The cover letter at least attempts to describe this.  I figured I'd have to 
pick one option for a v2, so I went with the more complicated one under the 
assumption it would be easy to re-spin a v3 that drops the extra arguments.  
I'm happy to do so.

>
> Ciao,
> Johannes
>
>>  Documentation/fetch-options.txt |  4 ++++
>>  builtin/fetch.c                 | 21 ++++++++++++++++++---
>>  2 files changed, 22 insertions(+), 3 deletions(-)
>>
>> diff --git a/Documentation/fetch-options.txt b/Documentation/fetch-options.txt
>> index 5836024f1934..0915fd4ed6d5 100644
>> --- a/Documentation/fetch-options.txt
>> +++ b/Documentation/fetch-options.txt
>> @@ -160,6 +160,10 @@ ifndef::git-pull[]
>>
>>  -j::
>>  --jobs=<n>::
>> +	Number of parallel children to be used for all forms of fetching.
>> +	This is the same as passing `--submodule-fetch-jobs=<n>` and
>> +	`--fetch-jobs=<n>`.
>> +
>>  --submodule-fetch-jobs=<n>::
>>  	Number of parallel children to be used for fetching submodules.
>>  	Each will fetch from different submodules, such that fetching many
>> diff --git a/builtin/fetch.c b/builtin/fetch.c
>> index 67d001f3f78b..41498e9efb3b 100644
>> --- a/builtin/fetch.c
>> +++ b/builtin/fetch.c
>> @@ -114,6 +114,20 @@ static int git_fetch_config(const char *k, const char *v, void *cb)
>>  	return git_default_config(k, v, cb);
>>  }
>>
>> +static int parse_jobs_arg(const struct option *opt, const char *arg, int unset)
>> +{
>> +	int jobs;
>> +
>> +	jobs = atoi(arg);
>> +	if (jobs < 1)
>> +		die(_("There must be a positive number of jobs"));
>> +
>> +	max_children_for_submodules = jobs;
>> +	max_children_for_fetch = jobs;
>> +
>> +	return 0;
>> +}
>> +
>>  static int parse_refmap_arg(const struct option *opt, const char *arg, int unset)
>>  {
>>  	BUG_ON_OPT_NEG(unset);
>> @@ -142,12 +156,13 @@ static struct option builtin_fetch_options[] = {
>>  		    N_("fetch all tags and associated objects"), TAGS_SET),
>>  	OPT_SET_INT('n', NULL, &tags,
>>  		    N_("do not fetch all tags (--no-tags)"), TAGS_UNSET),
>> -	OPT_INTEGER('j', "jobs", &max_children_for_submodules,
>> +	{ OPTION_CALLBACK, 'j', "jobs", NULL, N_("jobs"),
>> +		    N_("number of parallel tasks to run while fetching"),
>> +		    PARSE_OPT_OPTARG, &parse_jobs_arg },
>> +	OPT_INTEGER(0, "submodule-fetch-jobs", &max_children_for_submodules,
>>  		    N_("number of submodules fetched in parallel")),
>>  	OPT_INTEGER(0, "fetch-jobs", &max_children_for_fetch,
>>  		    N_("number of remotes fetched in parallel")),
>> -	OPT_INTEGER(0, "submodule-fetch-jobs", &max_children_for_submodules,
>> -		    N_("number of submodules fetched in parallel")),
>>  	OPT_BOOL('p', "prune", &prune,
>>  		 N_("prune remote-tracking branches no longer on remote")),
>>  	OPT_BOOL('P', "prune-tags", &prune_tags,
>> --
>> 2.21.0
>>
>>
Palmer Dabbelt Aug. 13, 2019, 10:06 p.m.

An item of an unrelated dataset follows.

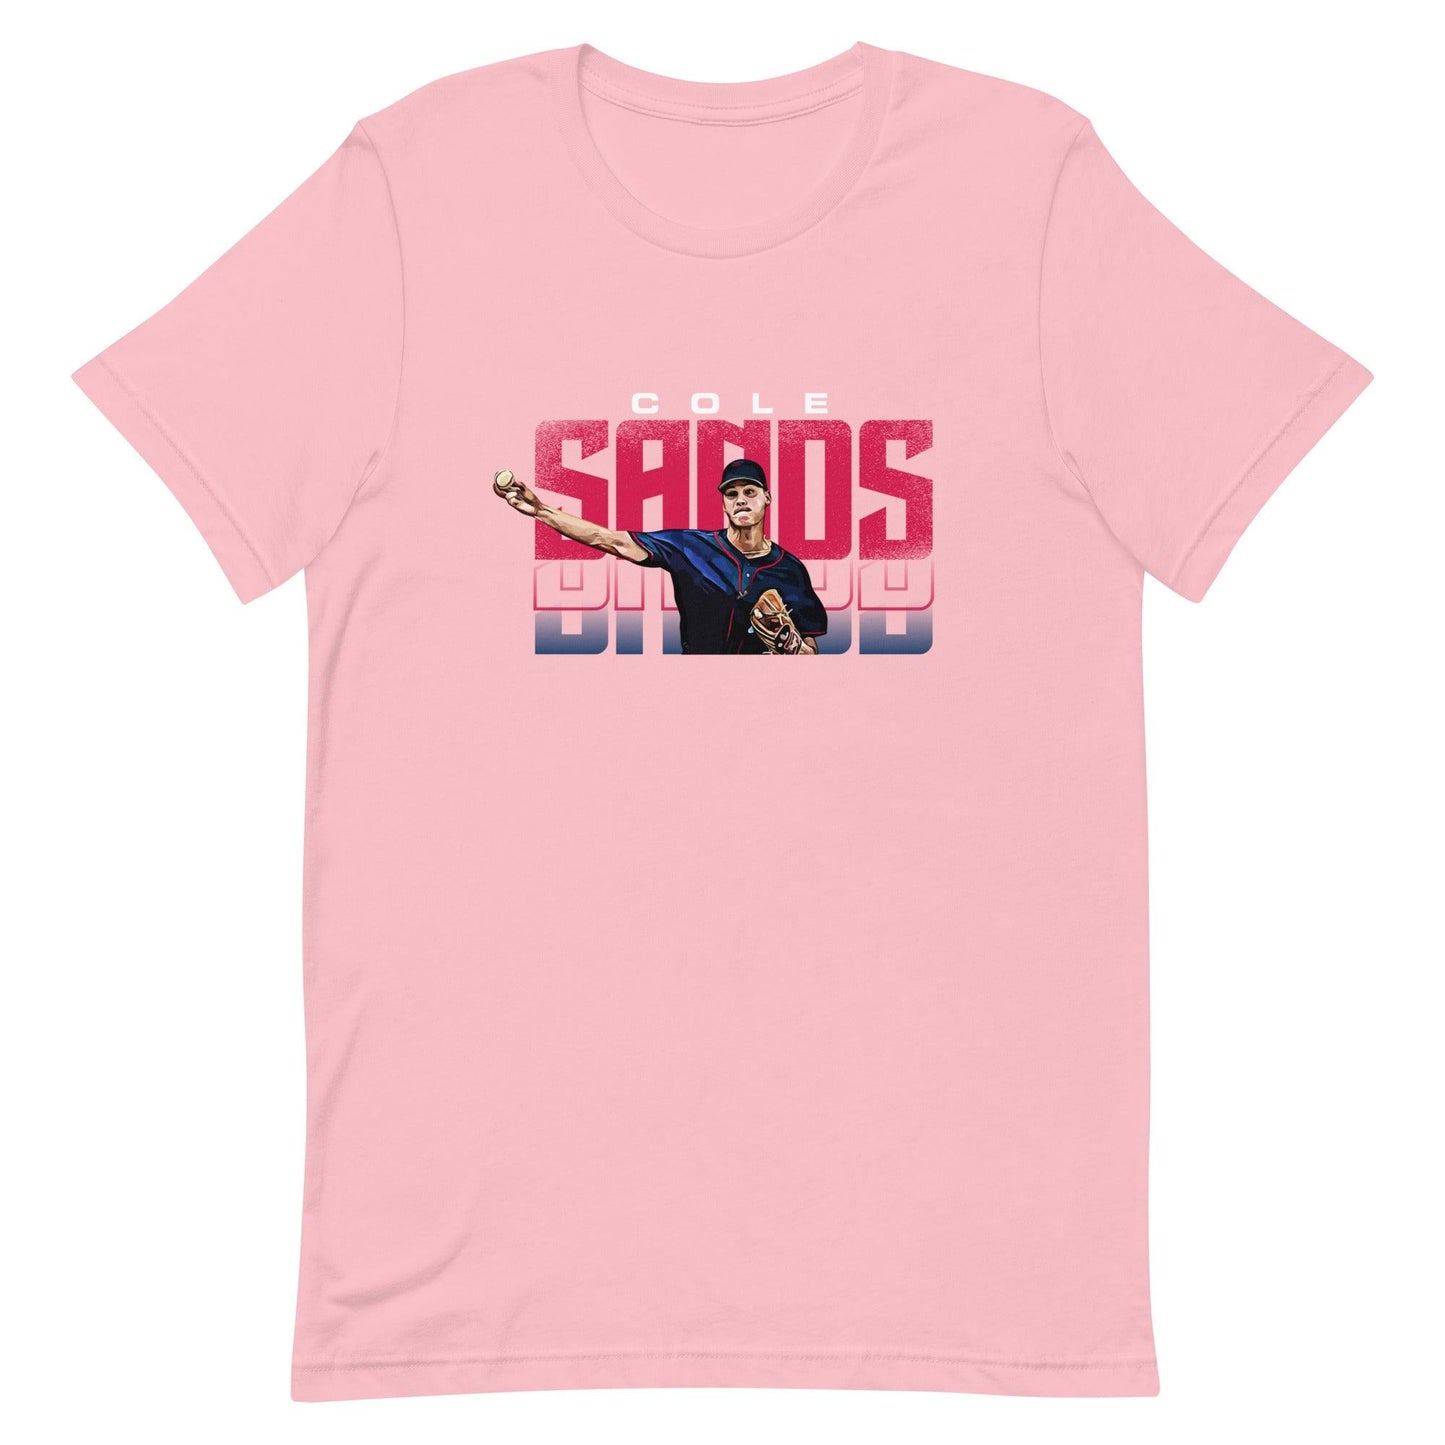 Cole sands “Essential” t-shirt - Fan Arch

UTC | #4
On Tue, 13 Aug 2019 15:00:13 PDT (-0700), gitster@pobox.com wrote:
> Palmer Dabbelt <palmer@sifive.com> writes:
>
>> The existing --jobs argument was defined to control the number of jobs
>> used for submodule fetching, but it makes more sense to have this
>> argument control the number of jobs to be used when fetching from
>> multiple remotes as well.
>>
>> This patch simply changes the --jobs argument parsing code to set both
>> max_children_for_{submodules,fetch}, as well as noting this new behavior
>> in the documentation.
>
> That's a sensible, if overly careful, transition plan.  This patch
> cannot be queued together with the other four, though, for the plan
> to be practical.  It probably needs to come a few releases after the
> other four hits a release.
>
> A less involved and much more careless transition plan may be to
> just declare that "--jobs that only controls submodule fetches is a
> bug and it must also affect how fetches from multiple remote
> repositories are done" and come directly to this step, without
> necessarily introducing options that control them independently.
>
> I have a suspicion that we can afford to go the careless route for
> this particular one, if we wanted to, as not may people would care
> about controlling these independently.

This was brought up as part of the v1, and the cover letter lays out a plan to 
do so.  I'm happy to re-spin the patch set to just have --jobs control 
everything.
SZEDER Gábor Aug. 14, 2019, 8:32 a.m. UTC | #5
On Mon, Aug 12, 2019 at 02:34:48PM -0700, Palmer Dabbelt wrote:
> diff --git a/builtin/fetch.c b/builtin/fetch.c
> index 67d001f3f78b..41498e9efb3b 100644
> --- a/builtin/fetch.c
> +++ b/builtin/fetch.c
> @@ -114,6 +114,20 @@ static int git_fetch_config(const char *k, const char *v, void *cb)
>  	return git_default_config(k, v, cb);
>  }
>  
> +static int parse_jobs_arg(const struct option *opt, const char *arg, int unset)
> +{
> +	int jobs;
> +
> +	jobs = atoi(arg);
> +	if (jobs < 1)
> +		die(_("There must be a positive number of jobs"));
> +
> +	max_children_for_submodules = jobs;
> +	max_children_for_fetch = jobs;
> +
> +	return 0;
> +}
> +
>  static int parse_refmap_arg(const struct option *opt, const char *arg, int unset)
>  {
>  	BUG_ON_OPT_NEG(unset);
> @@ -142,12 +156,13 @@ static struct option builtin_fetch_options[] = {
>  		    N_("fetch all tags and associated objects"), TAGS_SET),
>  	OPT_SET_INT('n', NULL, &tags,
>  		    N_("do not fetch all tags (--no-tags)"), TAGS_UNSET),
> -	OPT_INTEGER('j', "jobs", &max_children_for_submodules,
> +	{ OPTION_CALLBACK, 'j', "jobs", NULL, N_("jobs"),
> +		    N_("number of parallel tasks to run while fetching"),
> +		    PARSE_OPT_OPTARG, &parse_jobs_arg },

These changes result segmentation faults in the tests '--quiet
propagates to parallel submodules' and 'fetching submodules respects
parallel settings' in 't5526-fetch-submodules.sh'.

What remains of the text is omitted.